数分後、俺は息を切らしながら何とか甲羅の上の甲板にたどり着いた。船に乗るだけでこんなに苦労するとは思わなかった。
「はっはっはっ! あんた大丈夫かい?」
そんな俺の姿が面白かったのかコルヌ船長は声を上げて盛大に笑っていた。どうやらなんとかウケはとれたようだ。俺はそんな余裕ないけどな。
「それで、異常とやらは一体どこにあるんだ?」
「あぁ、それならこっちだ」
コルヌ船長の案内に従い甲板から甲羅の部分につながるように付いている扉をくぐり、その中にあった階段を下っていくとそこには広く一直線にのびた廊下といくつかの船室。そして大きなのぞき窓が所々に存在していた。
「甲羅の中にはこんなスペースがあったのか」
「ここはこの船の重要な部分が詰まってるいわゆる心臓部的なもんだ。本来なら船員以外の部外者は簡単には入れないんだが今はそんなこと言ってる場合じゃないからな」
なるほど。ここはこの船にとってとても大事な場所なのか。
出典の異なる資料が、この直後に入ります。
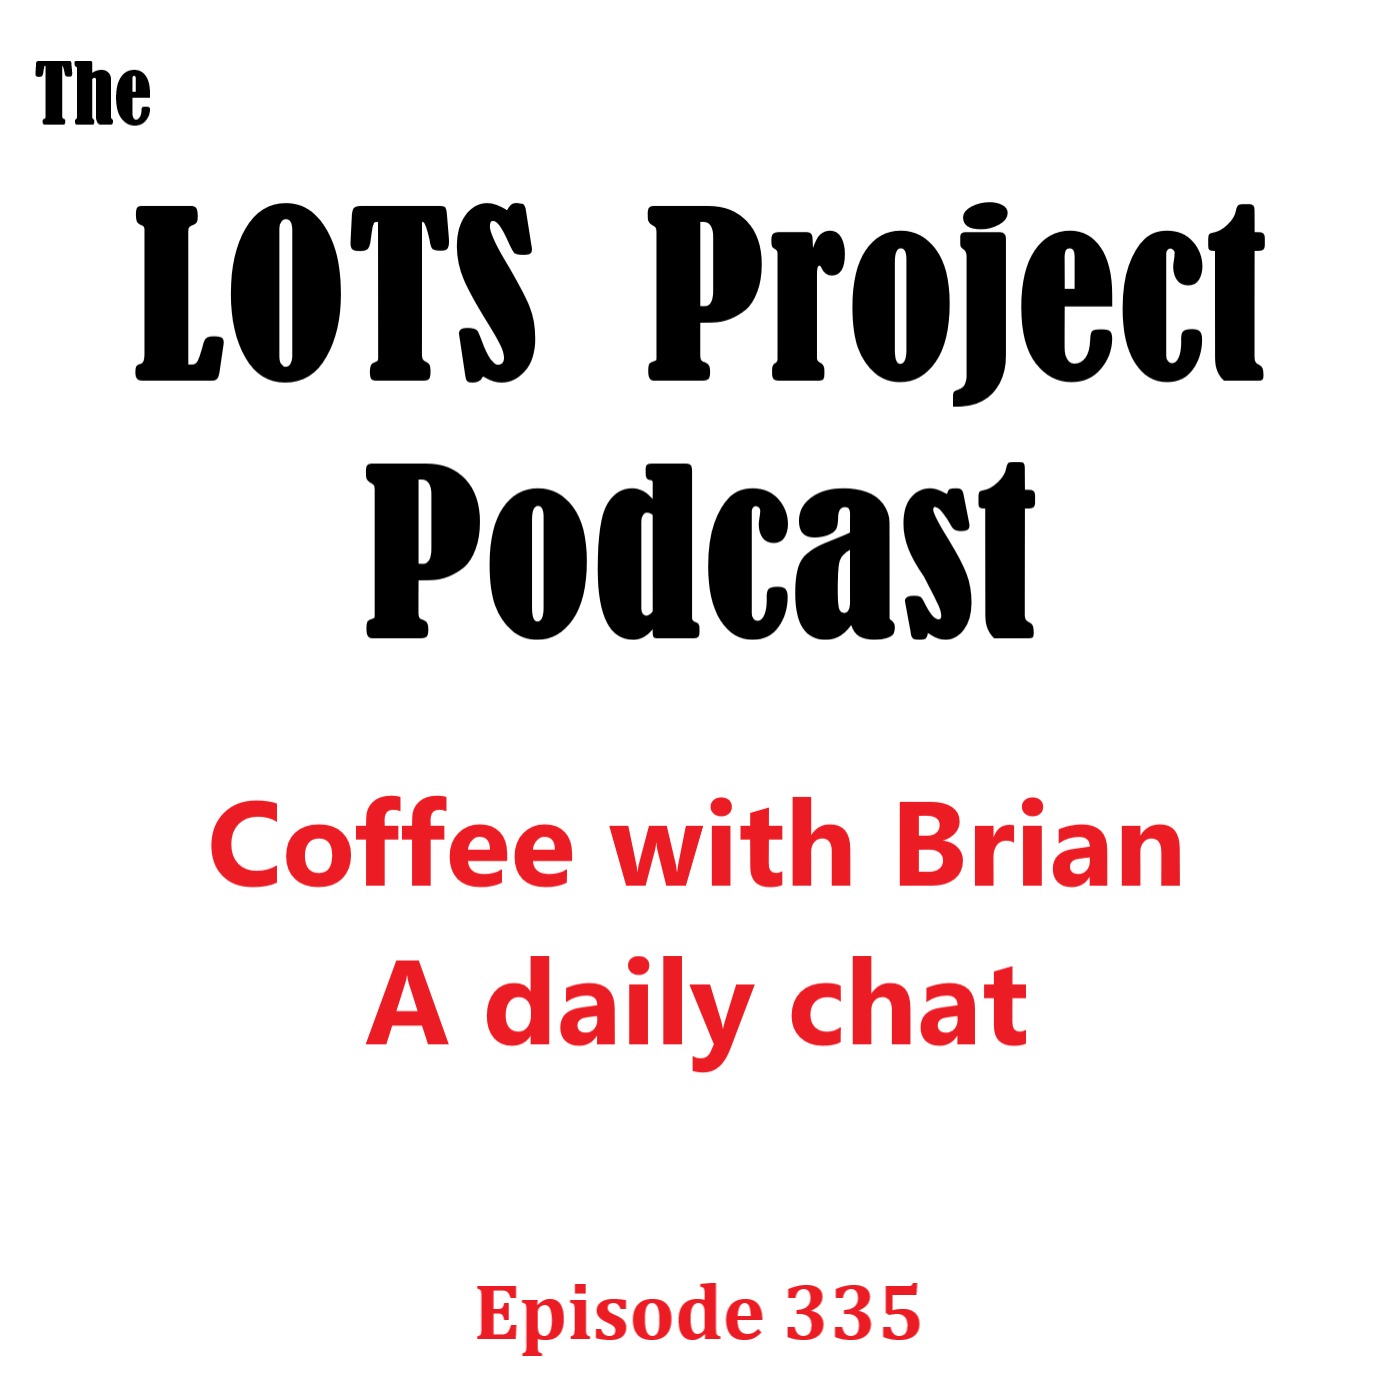 Episode 335 Coffee with Brian, A Daily Morning Chat #podcast #daily #nomad #coffee

そんなところに案内されるとは中々貴重な体験をしてるな。
「ほら、あんた達聞こえるかい? この声」
「声?」
彼女に言われて俺達は目を見合わせながら周囲に意識を集中させる。すると、少ししてどこからともなく何かのうめき声のようなものが廊下の中に
こだまし始めた。
「今の聞こえたか?」
「うん、確かに聞こえた。これってもしかして」
「そう、こいつが苦しんでる呻き声さ」
眉をひそめ苦々しい表情で彼女はそう言い、のぞき窓から外を見つめる。その視線の先には海面から半分ほど頭をだした亀の顔が覗いていた。
「まさかこんなことになるなんて……本当についていなかったんだ」
「ついていなかったって……一体何があったんですか?」
俺がそう尋ねると彼女は一緒に来ていた船員の数人と顔をあわせ、若干俯き気味になりながらもその理由を話し始めてくれた。